Jika Anda ingin gambaran yang lebih luas terlebih dahulu, panduan pagination API kami mencakup setiap strategi secara berdampingan. Artikel ini membahas secara mendalam dua hal yang paling penting.

Bagaimana pagination offset bekerja

Pagination offset memetakan langsung ke SQL. Klien mengirimkan nomor halaman dan ukuran halaman; server menerjemahkannya menjadi LIMIT dan OFFSET.

SELECT id, customer_id, total_cents, created_at
FROM orders
ORDER BY created_at DESC
LIMIT 25 OFFSET 50;

Kueri itu mengembalikan halaman 3 dari daftar pesanan Anda dengan 25 baris per halaman. Permintaan terlihat seperti ini:

GET /v1/orders?page=3&per_page=25

Dan respons tipikal:

{
  "data": [
    {
      "id": "ord_8821",
      "customer_id": "cus_1932",
      "total_cents": 4599,
      "created_at": "2026-08-30T14:22:07Z"
    }
  ],
  "page": 3,
  "per_page": 25,
  "total": 1848203,
  "total_pages": 73929
}

Daya tariknya jelas. Klien dapat melompat ke halaman mana pun. Server dapat mengembalikan jumlah total. Setiap pengembang dapat membangunnya dalam waktu singkat. Untuk tabel admin kecil, ini adalah pilihan yang tepat, dan panduan langkah demi langkah kami untuk pagination di REST API menjelaskan pembangunan offset secara lengkap.

Namun offset membawa dua masalah struktural, dan tidak ada satupun yang muncul dalam pengembangan. Keduanya muncul dalam produksi.

Masalah 1: pergeseran halaman (page drift)

Offset menghitung baris dari bagian atas hasil yang diurutkan. Ia tidak tahu baris mana yang sudah dilihat klien. Jadi, ketika baris dimasukkan atau dihapus di antara permintaan, halaman-halaman bergeser di bawah klien.

Misalnya, seorang pengguna memuat halaman 1 pesanan yang diurutkan dari terbaru, baris 1 hingga 25. Saat mereka membaca, 3 pesanan baru tiba.

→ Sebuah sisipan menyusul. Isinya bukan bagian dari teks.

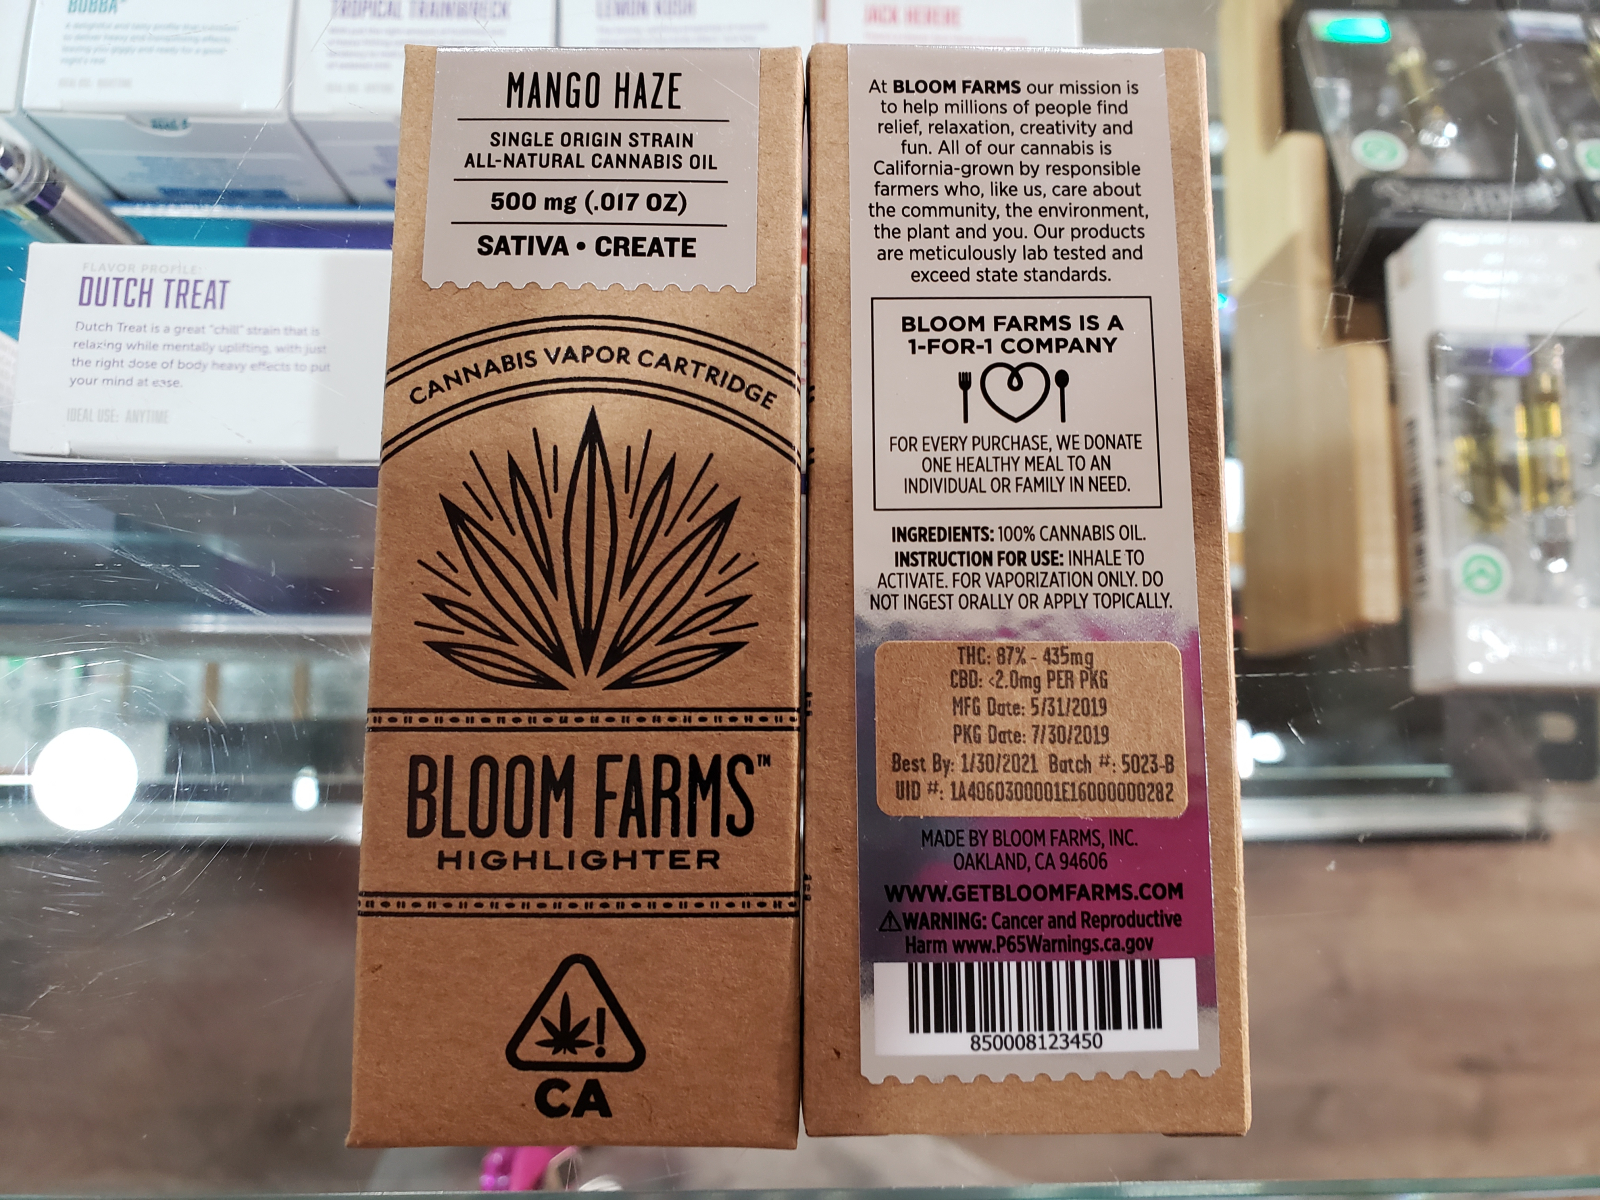 Bloom farms Mango Haze sativa cartridge half gram
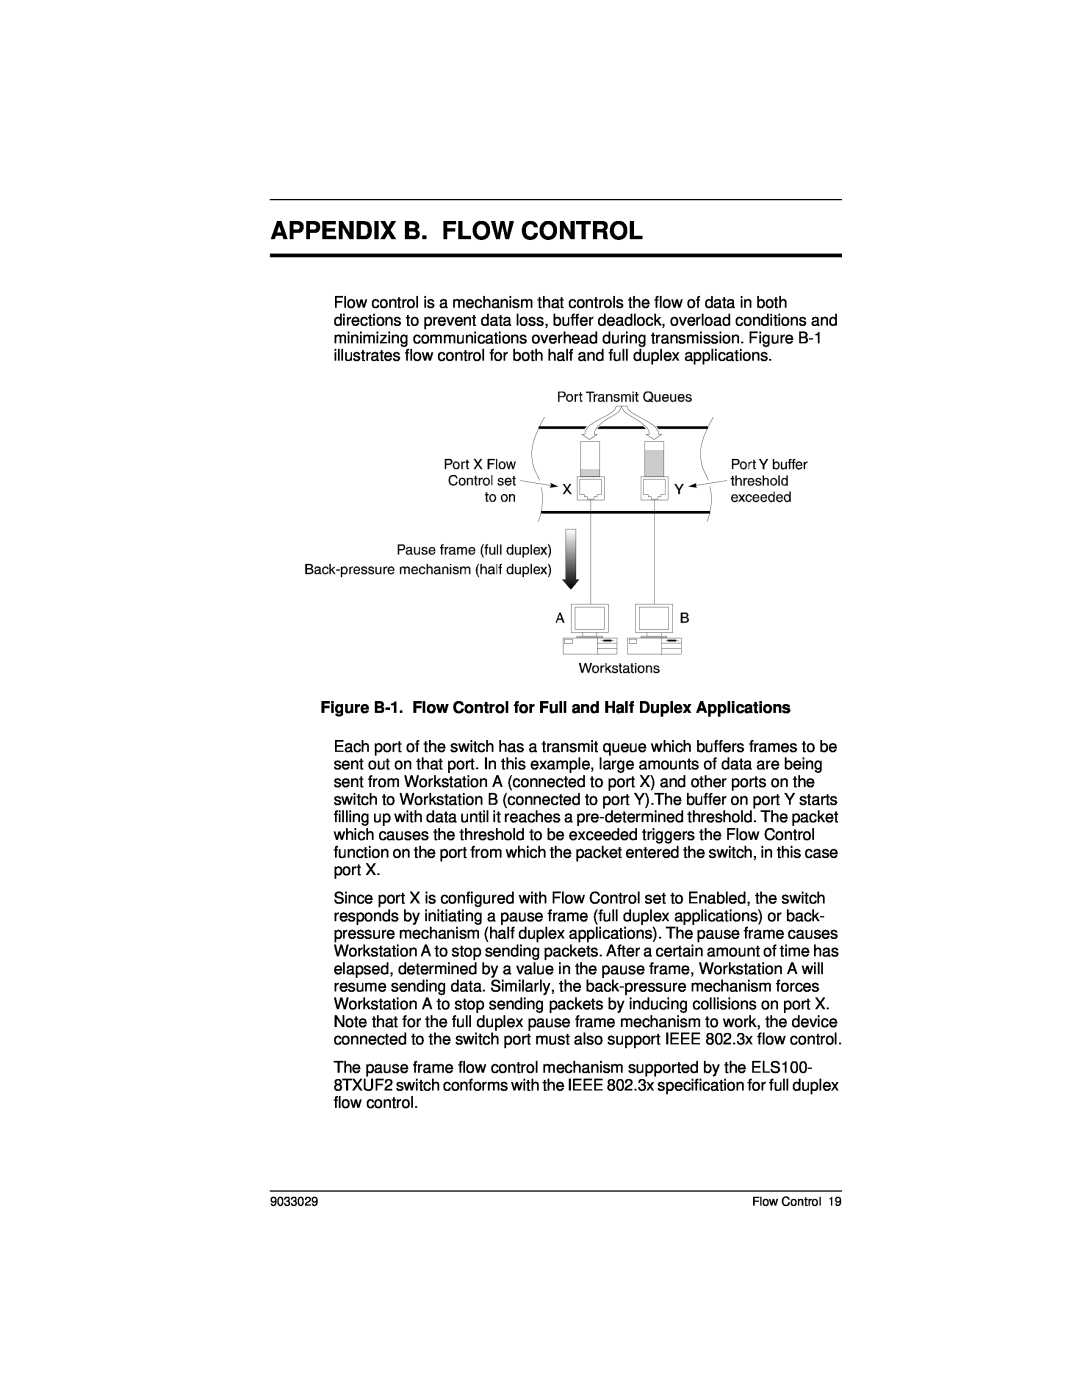 Cabletron Systems ELS100-8TXUF2 Appendix B. Flow Control, Figure B-1. Flow Control for Full and Half Duplex Applications

Mereka meminta halaman 2, yaitu OFFSET 25. Baris 23, 24, dan 25 dari respons pertama kini telah didorong ke posisi 26 hingga 28. Pengguna melihatnya lagi. Duplikat.

Penghapusan membalik keadaannya. Hapus 3 baris dari halaman 1 saat pengguna membacanya, dan OFFSET 25 sekarang melewatkan 3 baris yang tidak pernah dilihat pengguna. Kehilangan data diam-diam, dan tidak ada yang mendapatkan kesalahan.

Untuk laporan bulanan yang tidak ada yang menggulir secara real time, pergeseran tidak berbahaya. Untuk umpan aktivitas, endpoint sinkronisasi, atau apa pun yang dijelajahi skrip halaman demi halaman saat penulisan berlanjut, pergeseran berarti catatan yang duplikat atau hilang. Konsumen akan menyadarinya.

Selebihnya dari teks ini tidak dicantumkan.